In particular, Xie observes the intersection of labor markets and government finance. For instance, she has researched the effects of the extension of unemployment insurance during the Great Recession. That paper found evidence that lengthening the duration of unemployment insurance likely dampened the motivation of some jobless people to seek work. However, Xie's research also concluded that the policy during a severe downturn made life better, or, in economists' terms, was "welfare enhancing."

Right now, Xie is examining problems rooted in the conflicting objectives that can arise when state or provincial governments rely on funding from federal governments. In some countries, for example, lower-level governments that depend on financing from the national government may find it beneficial to spend more than needed to secure greater resources from the federal level. Xie is untangling the puzzles that could help to make such government-to-government transfer programs more efficient for all parties.

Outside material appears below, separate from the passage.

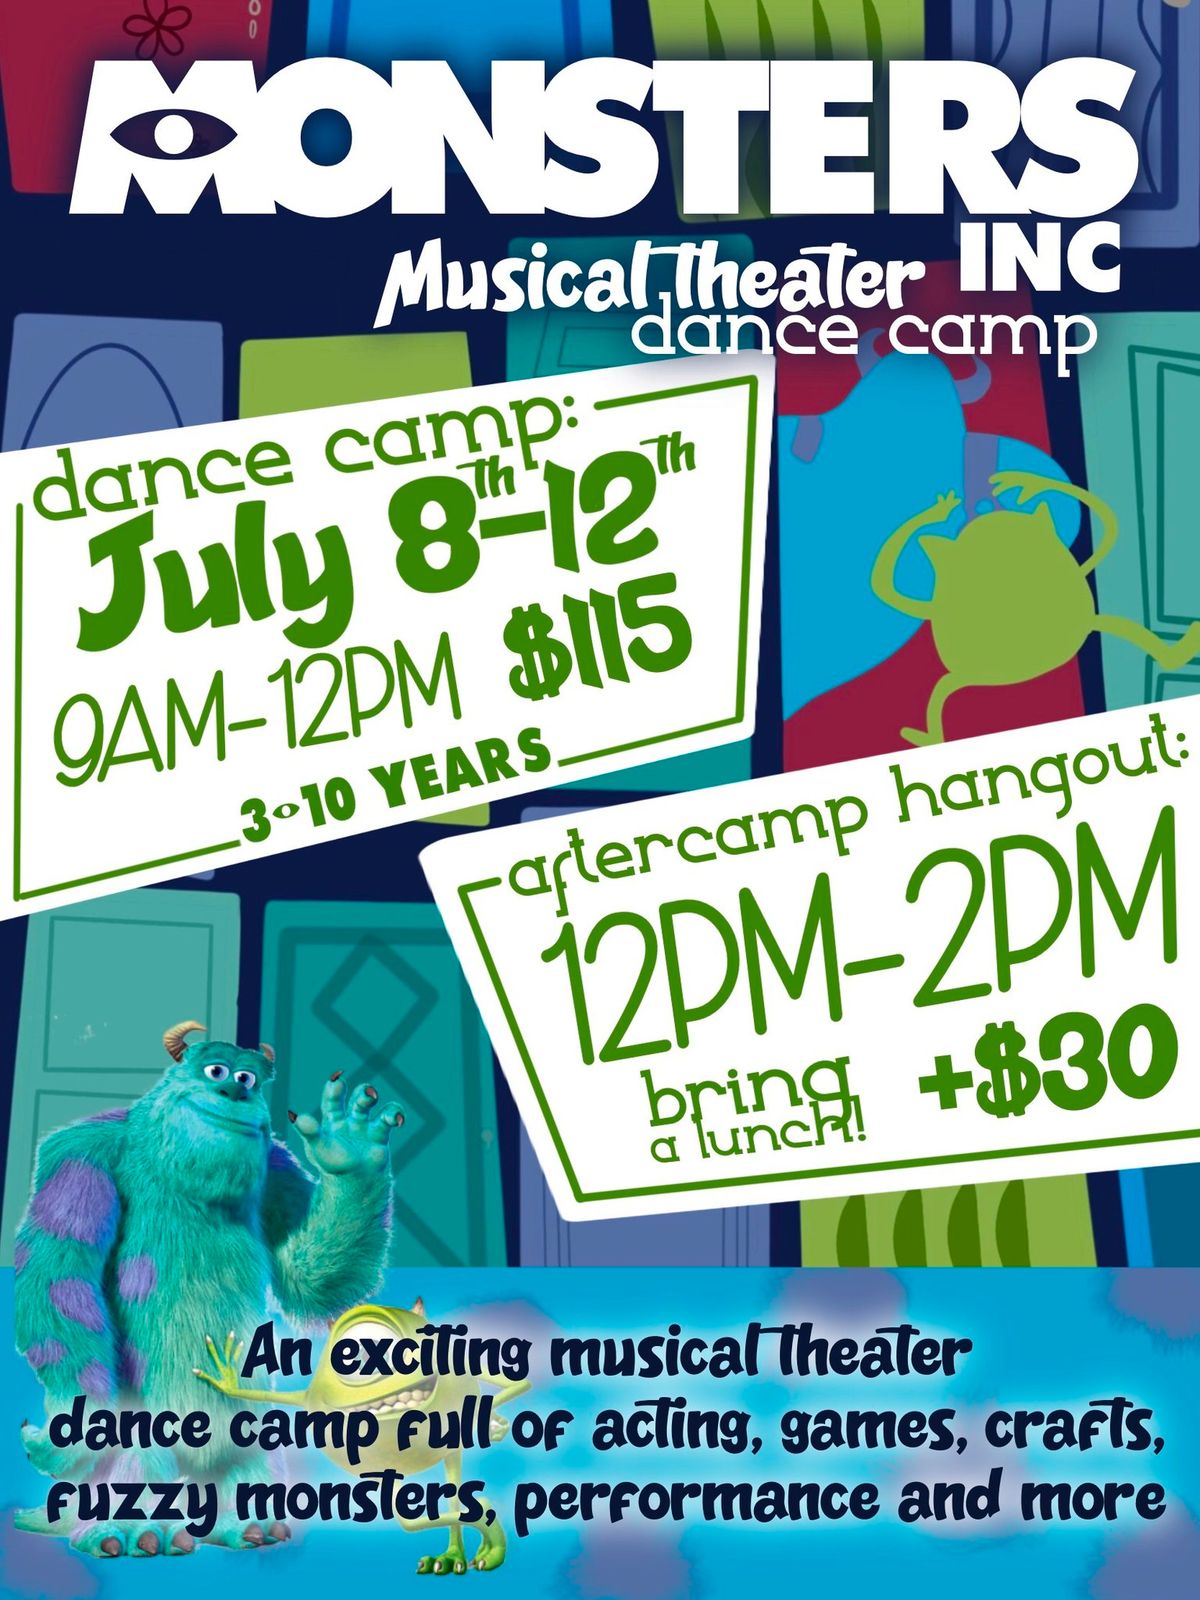 MONSTERS INC MUSICAL THEATER DANCE CAMP
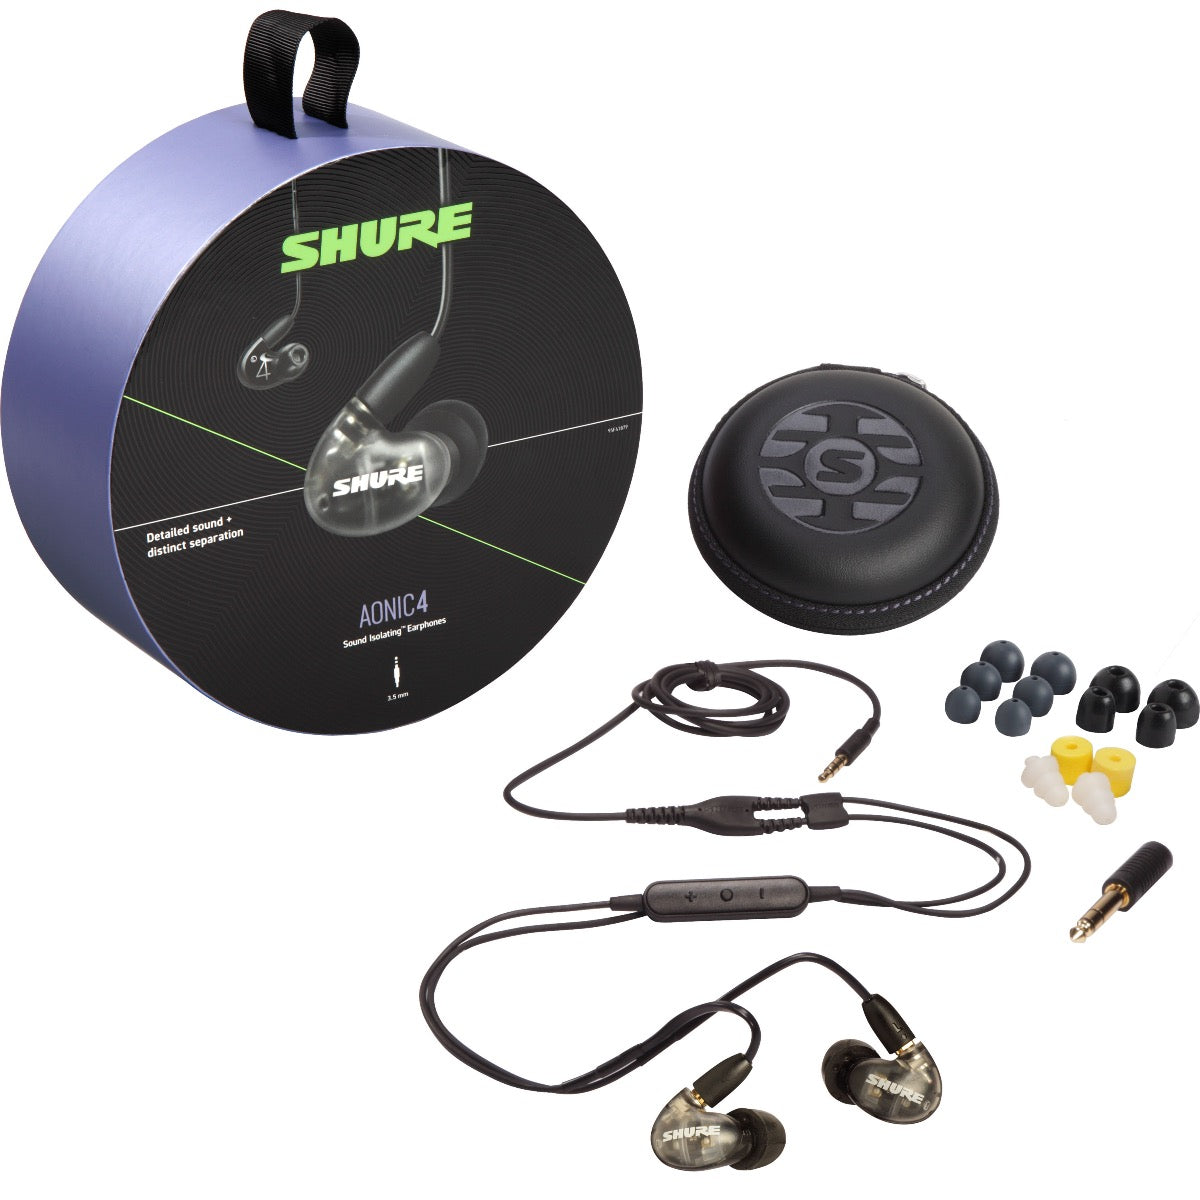 Shure AONIC 4 Sound Isolating Earphones - Clear/Black

She is also exploring student loan policy in the United States. Xie is studying whether there may be ways to calibrate lending rates to improve the overall financial soundness of the programs without unfairly penalizing students studying in fields that tend to be less lucrative.

Rigorous hiring process

While earning her doctoral degree at the University of Minnesota, Xie worked as an economic analyst at the Federal Reserve Bank of Minneapolis. Minneapolis Fed senior research economist Ben Malin says Xie combined sound mathematical and theoretical skills with a collegial personality. "I could trust her to do things right," Malin says. "I felt comfortable giving her a task, painting the broad picture of what I needed, and then letting her figure out how to implement that."

Her initiative no doubt helped attract the attention of the Atlanta Fed. Landing a "junior" economist position at a Federal Reserve Bank is no small feat. The Atlanta Fed's typical recruitment process begins with 300 candidates. The Bank's research officials then winnow that pool to 30. From that group, the Bank brings three candidates to headquarters for a full day of presentations on their research.

There's a method at work. Gauging whether a freshly minted PhD holder will make a good researcher is not clear-cut, says Toni Braun, a senior economist at the Atlanta Fed who participates in hiring junior economists. Acing coursework does not necessarily translate to success at path-breaking research. "It takes time," Braun says.

Policy enriches research

The central bank's mode of combining pure research with policymaking appealed to Xie: study and put the fruits of research to work in the real world. Many of her fellow doctoral students preferred working in academia. For a researcher, a university setting promises freedom to pursue knowledge wherever it leads. "Directed research" conducted at the behest of an employer is less appealing to many economists, including Xie. But at the Fed, she says the policymaking enriches the research.

"When I sit in the briefing meetings (to prepare the Atlanta Fed president for Federal Open Market Committee sessions), I hear people talk about policy, or what they hear from CEOs, or what they see from the data," she says. "That sometimes makes me come up with ideas—maybe I could do this in my research, or do that in my research. That's really fascinating."

It's intense brainwork, to be sure. Away from the job, Xiu rests her intellect, she says, by reading and watching movies she's already seen. Before she became a professional researcher, she sought challenging cinema and literature.

It's another adjustment for a young research economist. It's nothing she can't handle. Immersion in different cultures, Xie says, makes her not only a sharp observer of human behavior, but also adaptable.